I hated the handle orientation. One thing I like about the 716 is when I grab the handle, the trigger is located in a natural/right place and I can easily reach the blade guard with my thumb.....


----------



## rrk (Apr 22, 2012)

m1911 said:


> In used to have a delta 12" dual-bevel non-slider that had something like 9-1/2" crosscut capacity IIRC, and zero dust collection! They didn't make them very long, and when dewalt took over, I guess the DW716 was the closest replacement.


I still have one with dual laser's. Great saw, large nested crown capacity also


----------



## MF Custom (May 3, 2009)

The Delta 36-412 or 36-422 had huge crosscut capacity for a 12" non slider if you can find one... But like m1911 said the dust collection SUCKS and it shoots the dust right into your face. For a non slider the crosscut capacity of this saw was king...the DeWalt DW716 in my opinion is a better more accurate saw and the capacities are close to the Delta.


----------



## Calidecks (Nov 19, 2011)

When I'm not using my slider this is the saw I use. It's dead accurate and very light and easy to transport


----------



## basswood (Oct 31, 2008)

MF Custom said:


> The Delta 36-412 or 36-422 had huge crosscut capacity for a 12" non slider if you can find one... But like m1911 said the dust collection SUCKS and it shoots the dust right into your face. For a non slider the crosscut capacity of this saw was king...the DeWalt DW716 in my opinion is a better more accurate saw and the capacities are close to the Delta.

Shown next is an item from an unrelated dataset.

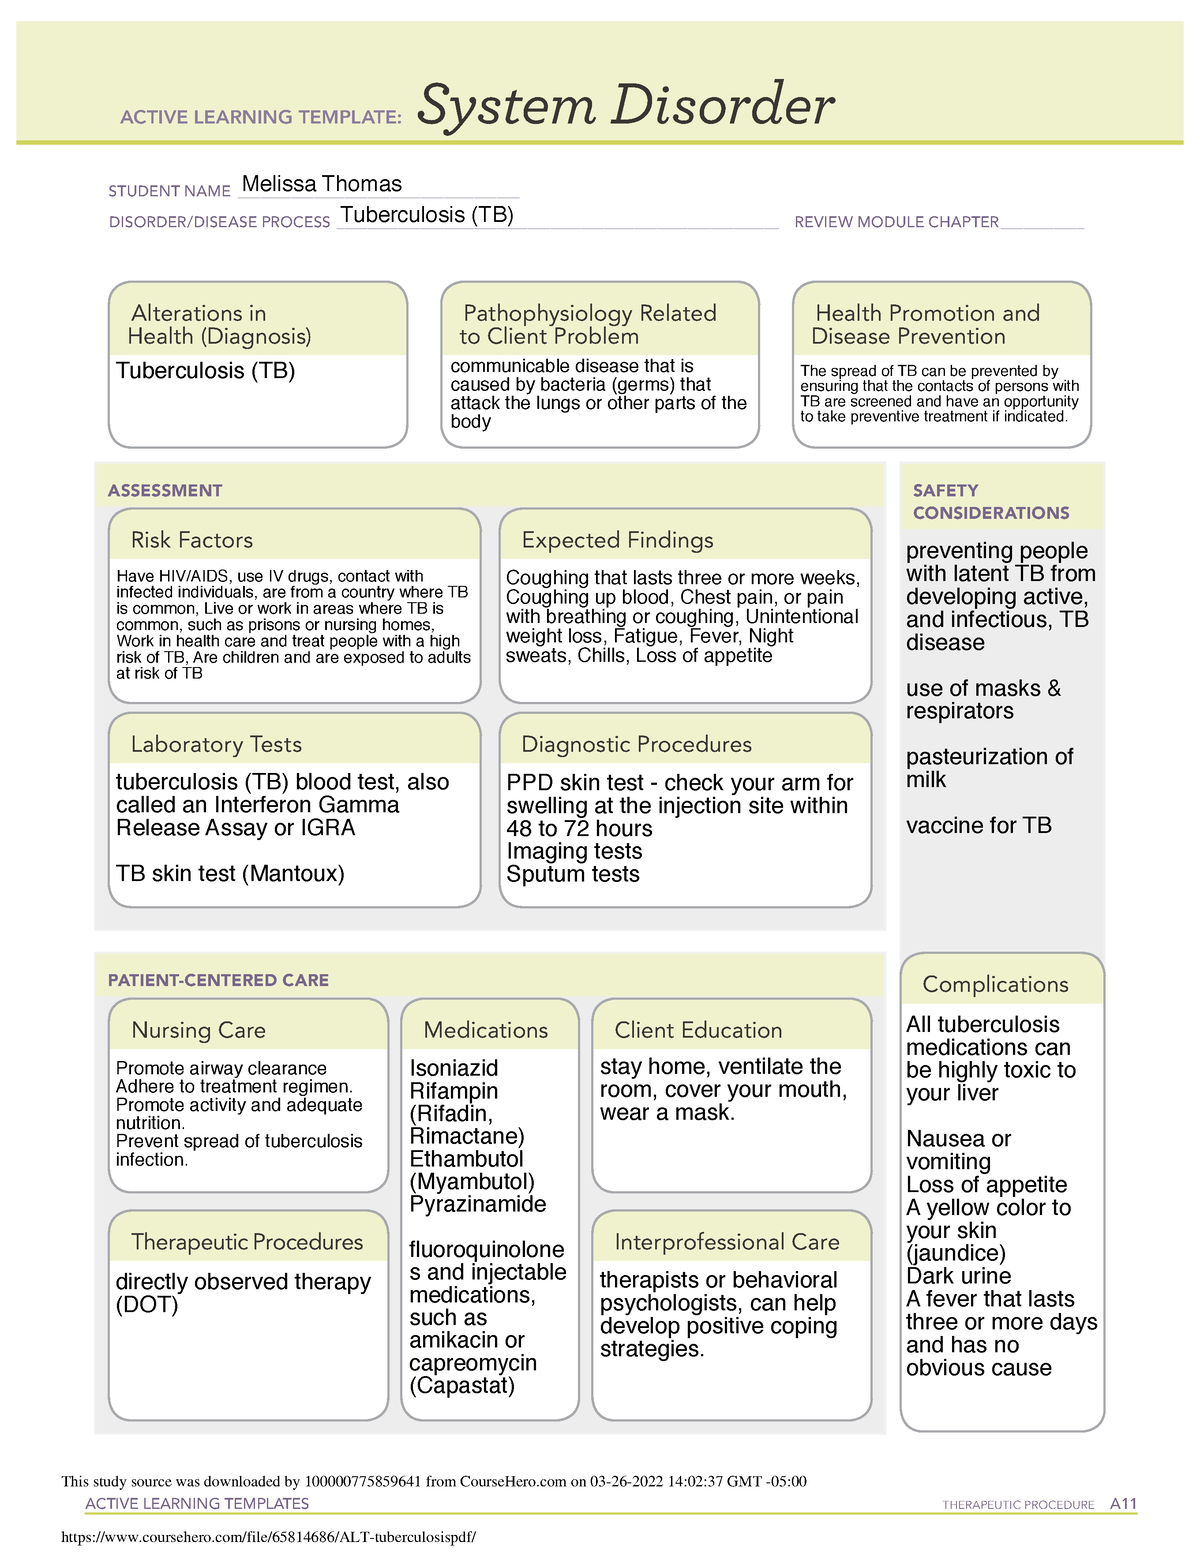 ALT tuberculosis active learning template ACTIVE LEARNING TEMPLATES

I removed part of the guards, the funky little side flaps at the back, and the Delta sprays much less dust upwards with that part gone. I also hook up my tool activated Fein vac, and sometimes add a Chop Shop hood too. From dust fountain, to tolerable with that set up.

My Delta is the 36-412. Not only will it cut a 2x10, but it will cut all the way through on a 45º bevel, and cuts 7-3/4" crown nested... More than an inch larger than Dewalt's 716 or the Kapex. Also cuts 6-3/4" base standing.

For some jobs, the Delta is still the saw to have.


----------



## rrk (Apr 22, 2012)

basswood said:


> I removed part of the guards, the funky little side flaps at the back, and the Delta sprays much less dust upwards with that part gone. I also hook up my tool activated Fein vac, and sometimes add a Chop Shop hood too. From dust fountain, to tolerable with that set up.
> 
> My Delta is the 36-412. Not only will it cut a 2x10, but it will cut all the way through on a 45º bevel, and cuts 7-3/4" crown nested... More than an inch larger than Dewalt's 716 or the Kapex. Also cuts 6-3/4" base standing.
> 
> For some jobs, the Delta is still the saw to have.


I have one also, they were recalled for a crack developing on the neck. I don't want to give mine up so I kept it and check it regularly. 
When I called delta at the time the replacement was a Dewalt 715 I believe. But I had to pay the postage to ship the old one back.


----------



## Leo G (May 12, 2005)

basswood said:


> My Delta is the 36-412.


https://www.finewoodworking.com/tool-guide/product-finder/delta-12-in-compound-miter-saw-36-412.aspx


----------



## basswood (Oct 31, 2008)

rrk said:


> I have one also, they were recalled for a crack developing on the neck. I don't want to give mine up so I kept it and check it regularly.
> When I called delta at the time the replacement was a Dewalt 715 I believe. But I had to pay the postage to ship the old one back.


Yeah, I know someone whose saw developed the crack and traded to the DeWalt.

I have not opened up the saw, but it looks like a worm drive arrangement. That might create more torque than any other miter saw. They might not have anticipated that difference in the force applied to the structure.

Could just be how heavy the thing is, especially if it is bouncing around in a truck. Might fair just fine in a shop environment, which is where mine spends 99% of the time.


----------



## raycgl (May 27, 2008)

We ended up getting the Hitachi 12" dual bevel non-slider when it was on sale at Lowes for less than $200 new, it's a nice and accurate saw capable of mitering tall base well which is what we needed it for. It is quite heavy though and I find we are using our 10" Dewalt single bevel non-slider saw for most everything. 

The cross cut capacity on the Dewalt is by far the best of the 10" saws and when using a 2X underneath the board being cut it is quite impressive. It is also accurate with nice positive engagement on non-standard angle cuts.


----------